Aim of the exercise:
Beneath this line are entries. Copy the range from the line with "Rolladenbau Dähs Uhingen | Raum & Design" to the line with "Adidas Originals s79007", ends included, exactly; leave pictures out.

Given data:

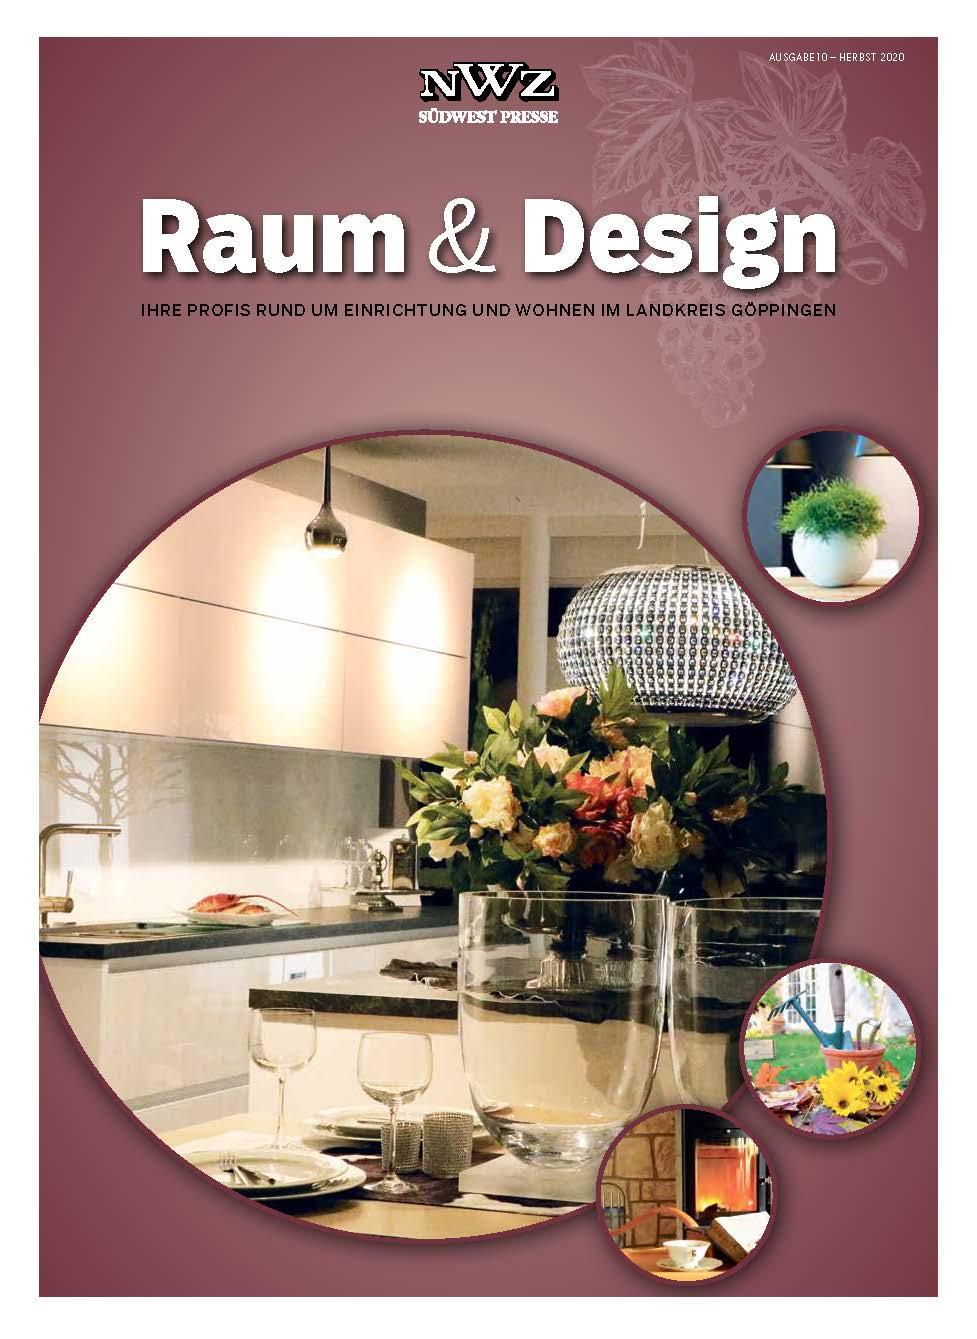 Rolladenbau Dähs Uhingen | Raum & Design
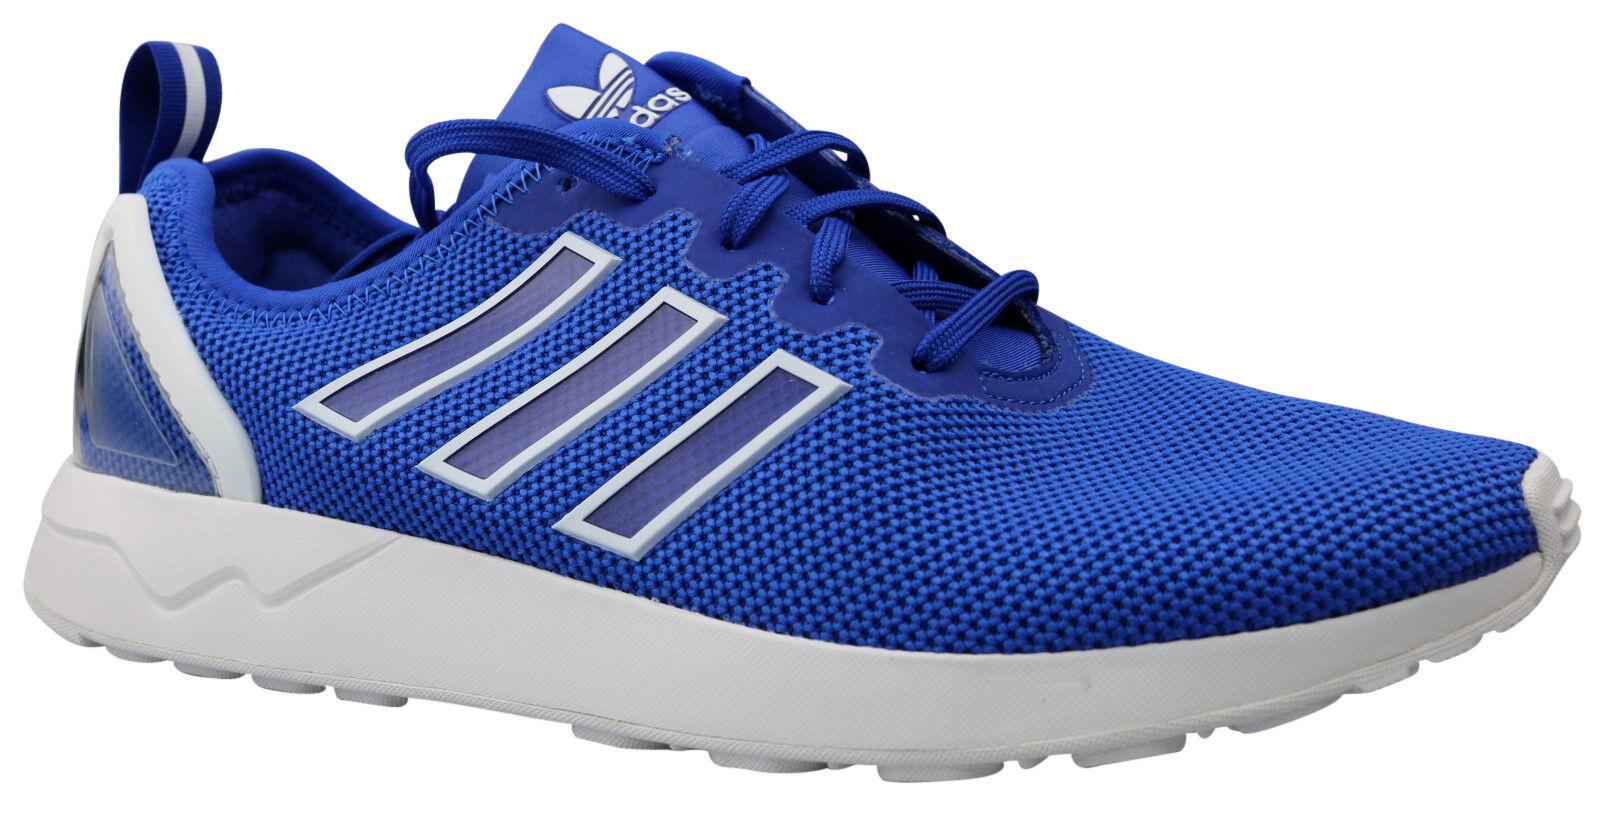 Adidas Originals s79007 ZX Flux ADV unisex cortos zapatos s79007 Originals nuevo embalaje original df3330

* * *

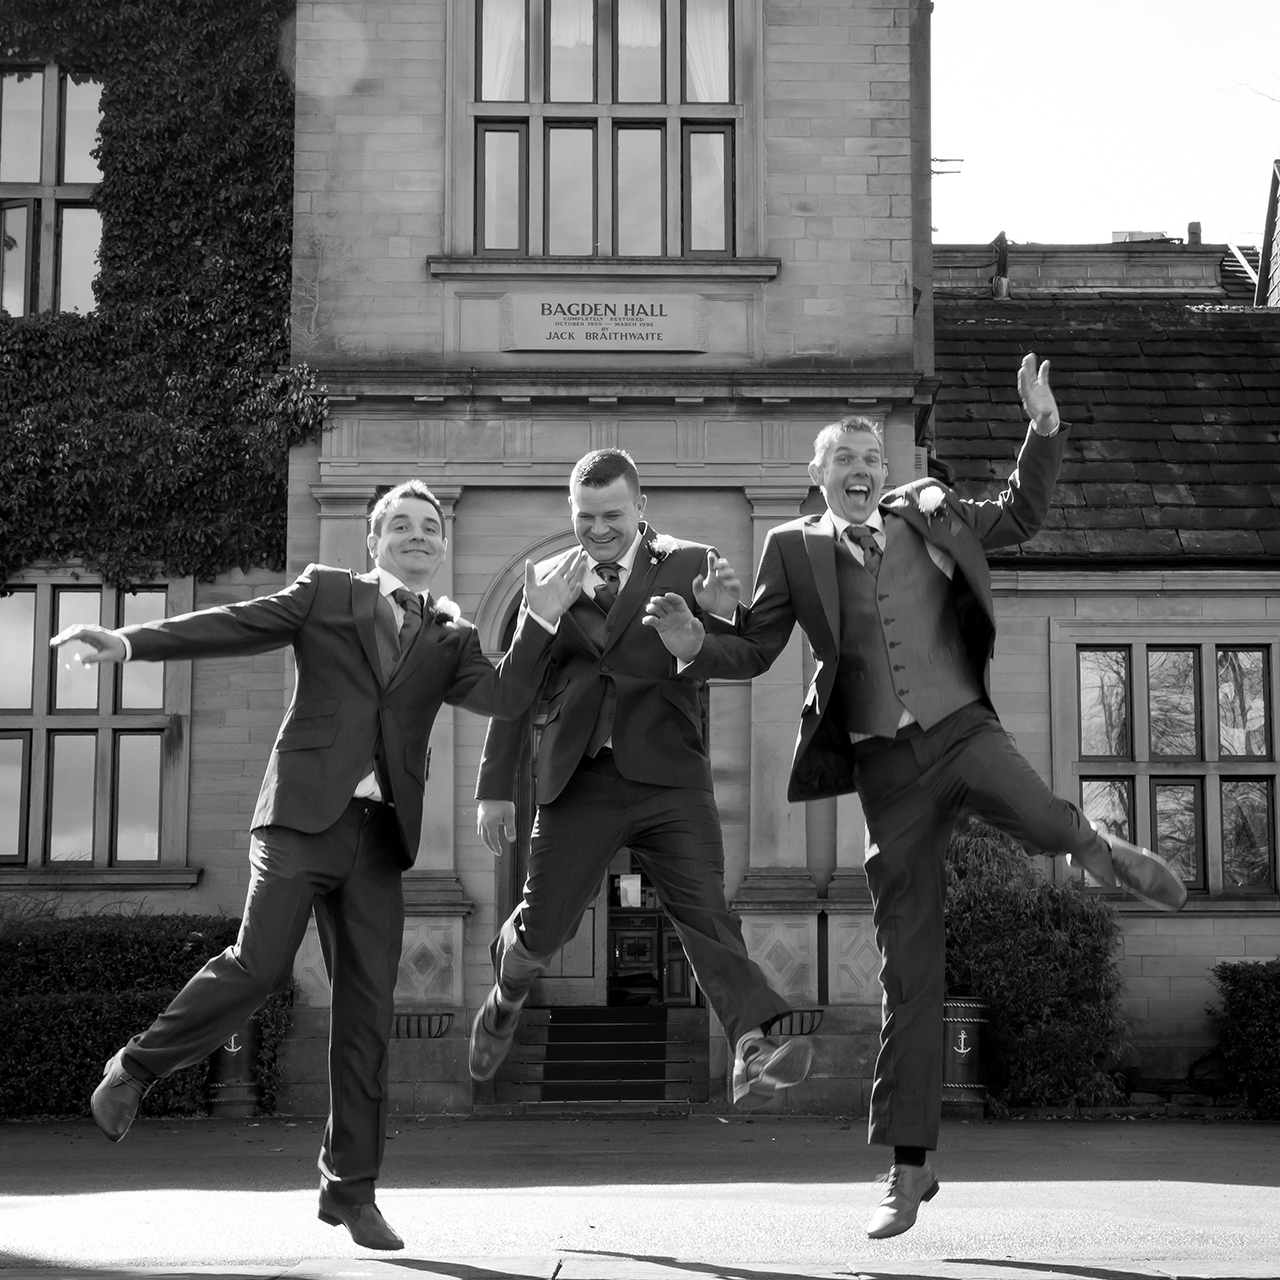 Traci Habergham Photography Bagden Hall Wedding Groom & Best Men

Your solution:
 Rolladenbau Dähs Uhingen | Raum & Design
 Adidas Originals s79007 ZX Flux ADV unisex cortos zapatos s79007 Originals nuevo embalaje original df3330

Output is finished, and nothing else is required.